Where can I find the code for this blog? Once I clean up the mess in this repo, I’ll make it public on github. For now, I’m happy to share individual the Rmarkdown file used to produce each article.

TLDR | Why not do this at the statewide level?

Originally, I considered focusing these articles at the statewide level for Texas, but I kept running into issues around finding data that could meaningfully answer some of my questions. The reasons for this are many, but some of the state’s existing COVID-19 data cannot be aggregated at anything beyond the statewide level for reasons outside of their control.

Example - Test Positivity

For example, county-level test positivity is one of those things that has been difficult because COVID-19 lab testing has largely been decentralized, with over 97% of tests being conducted in commercial labs.

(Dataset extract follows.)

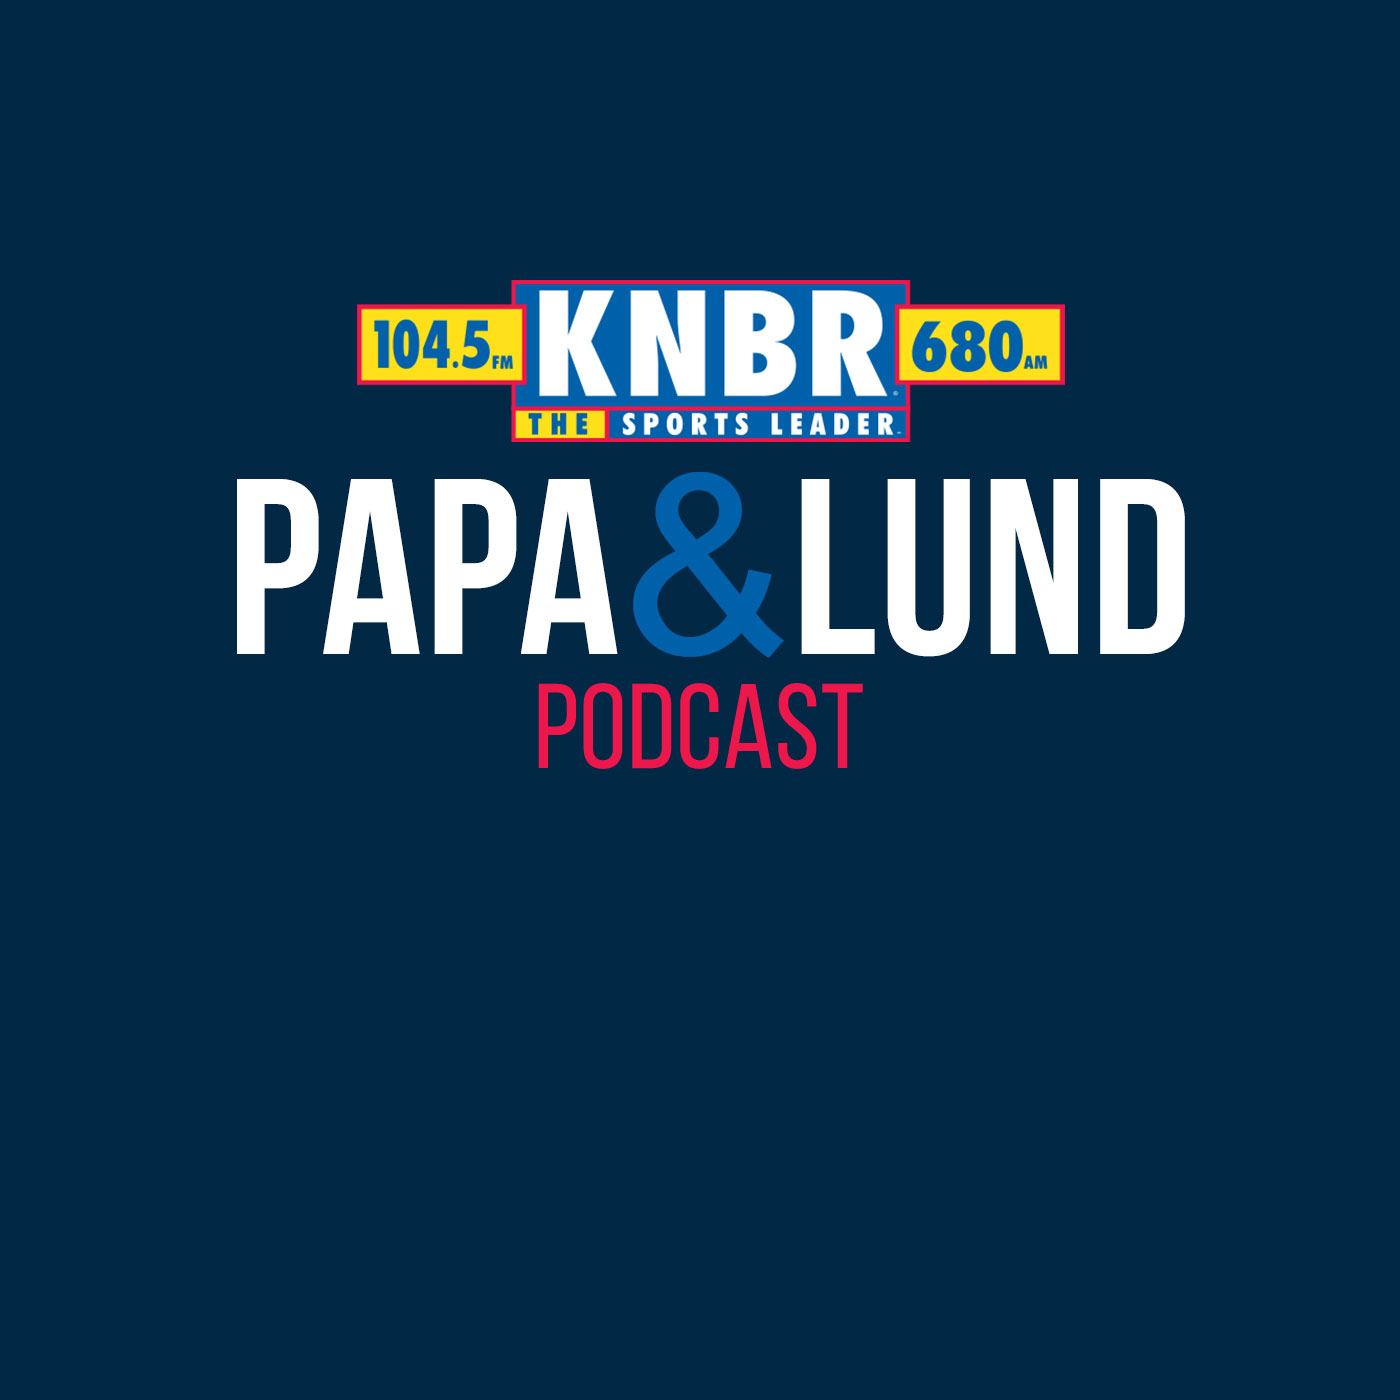 5-17 Raj Mathai joins Papa & Lund to discuss Steve Kerr's comments about his future with the Warriors

Consequently, this means the state has to then coordinate data from over 4 million tests conducted outside of state testing labs.

Number of People Tested for SARS-CoV-2 in Texas, By Lab Type
Source: Texas Department of State Health Services | As of August 10th at 3:00PM CST1
Location Tests Processed
Total People Tested in Texas by Public Health Lab 122.02K
No. Tests by Commercial labs* 4.49M
Total Tests 4,611,777
*Unable to deduplicate figures for Commercial labs.
1 Data: From the 'Accessible Dashboard Data' File, under the 'Tests' tab.

And given that these commercial labs aren’t actually part of a state agency, this means they have to learn new reporting rhythms and do work that, perhaps, they didn’t plan for or know they needed to do–such as keep all of the positives and negatives for each county, record those in a database by the county of origin, deduplicate them by the person who got the test, and then share all of that information back to the state in a manner that is uniform with all the other private labs in the state.

That said, not being able to compare how much a county is testing with how much they’re testing positive weakens a potential analysis and limits how much you can explore the dynamics between risk factors and things like test positivity.

Example - Demographic Data

Another example of this information is demographic data about cases and fatalities. That information also doesn’t exist broken down by county–sometimes due to HIPAA requirements.

So if you wanted to analyze geographic COVID-19 trends between counties across multiple pieces of data such as demographic, known risk-factors, and other trends, you’d have a hard time accomplishing that because it currently doesn’t exist.

For that reason, I’ve chosen to just focus on using city-level data given that cities tend to have better access to local information about their communities.